» Input data
^^^^^^^^^^^^^^^^
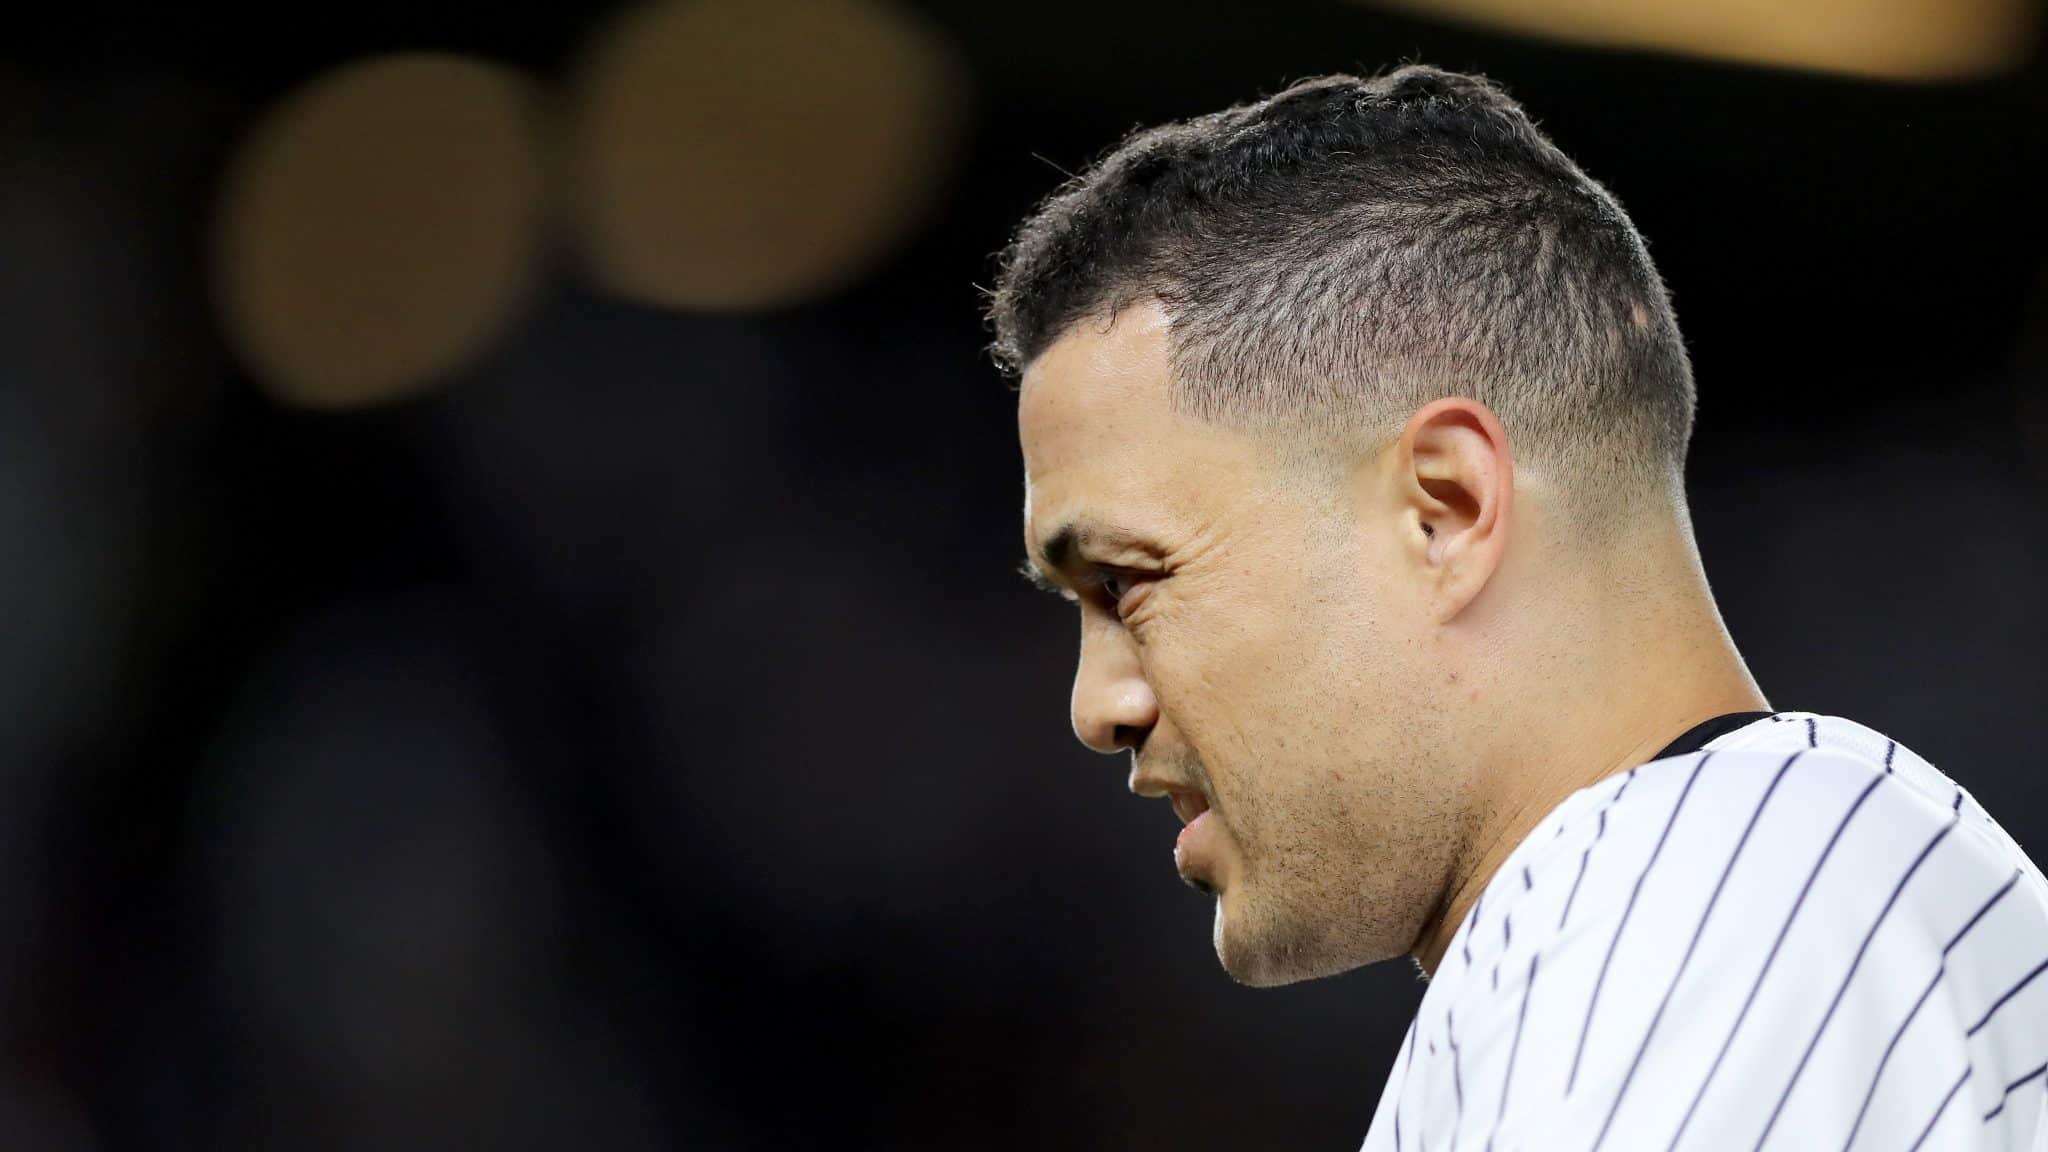 NEW YORK, NEW YORK - OCTOBER 04: Giancarlo Stanton #27 of the New York Yankees reacts after grounding out against the Minnesota Twins during the first inning in game one of the American League Division Series at Yankee Stadium on October 04, 2019 in New York City.
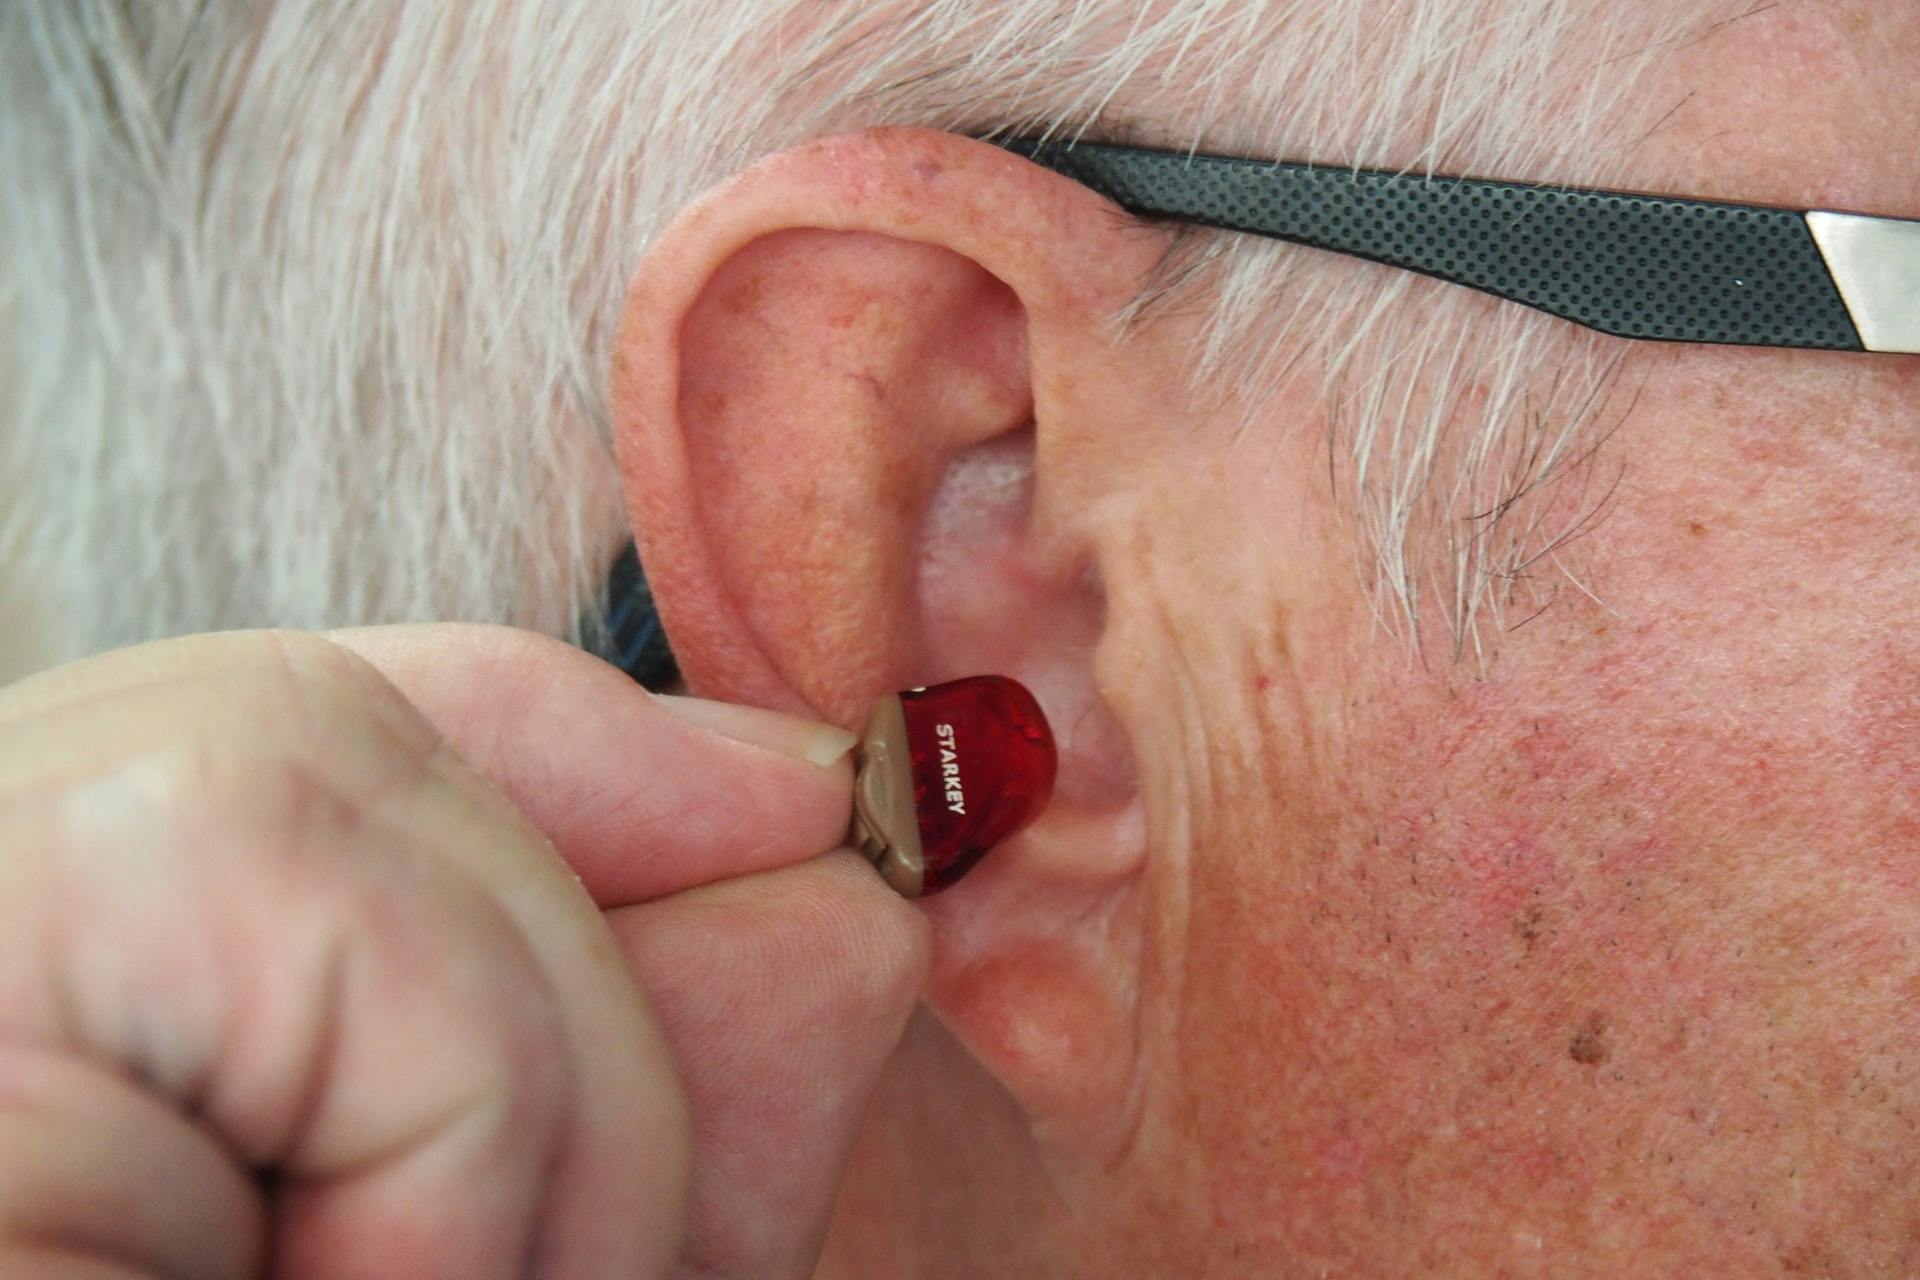 What Does Medicare Not Cover - hearing aid close up of ear.jpg
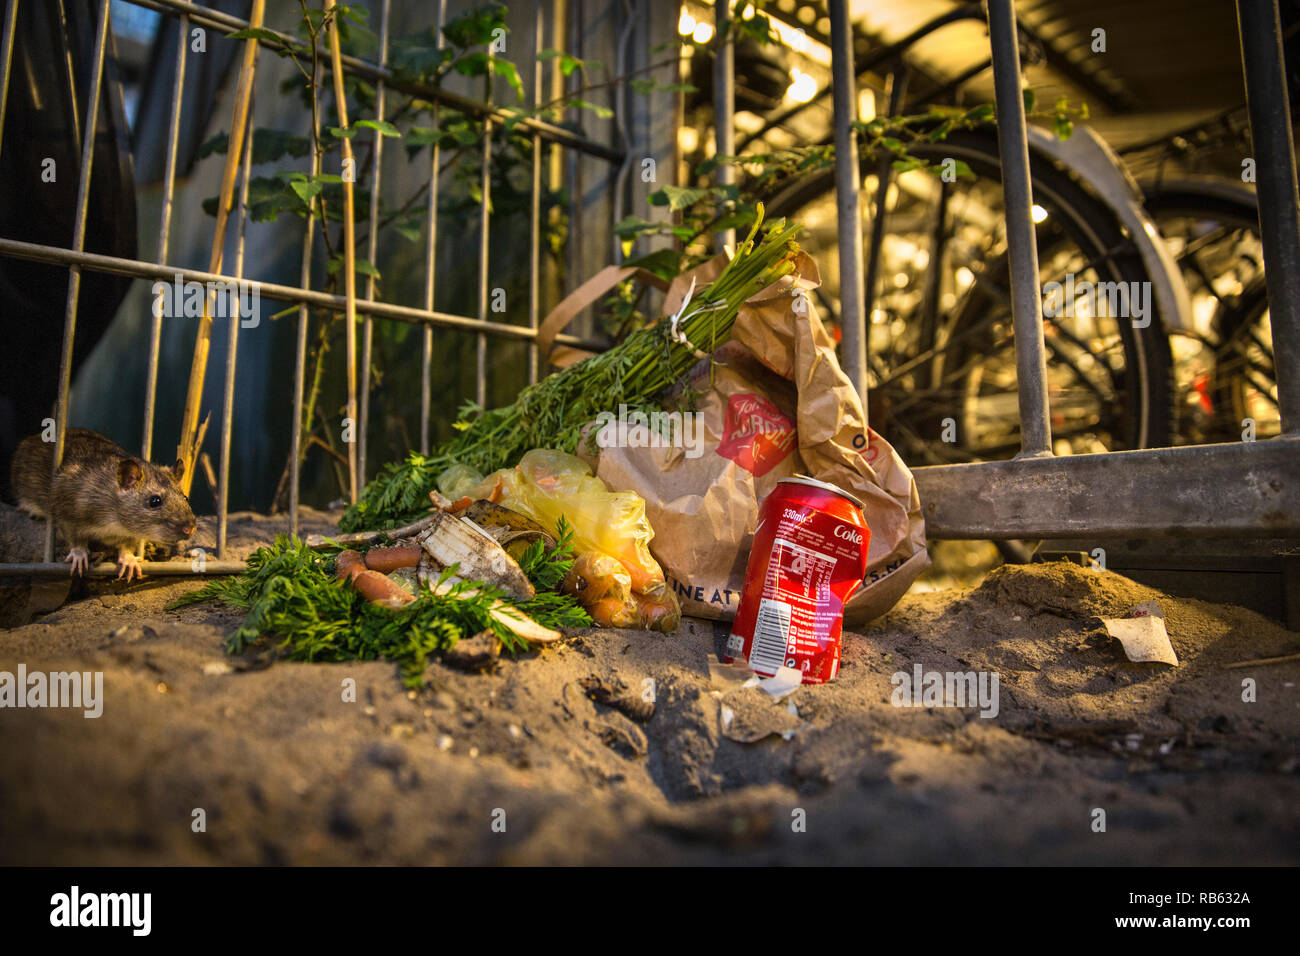 Brown rat (Rattus Norvegicus) eating from garbage near waste containers and bicycle storage, Amsterdam, The Netherlands. Stock Photo
^^^^^^^^^^^^^^^^
» About this task
Leave out any pictures and return exactly the lines from the beginning of the data through the line with "What Does Medicare", inclusive.

» Solution to this exercise
 NEW YORK, NEW YORK - OCTOBER 04: Giancarlo Stanton #27 of the New York Yankees reacts after grounding out against the Minnesota Twins during the first inning in game one of the American League Division Series at Yankee Stadium on October 04, 2019 in New York City.
 What Does Medicare Not Cover - hearing aid close up of ear.jpg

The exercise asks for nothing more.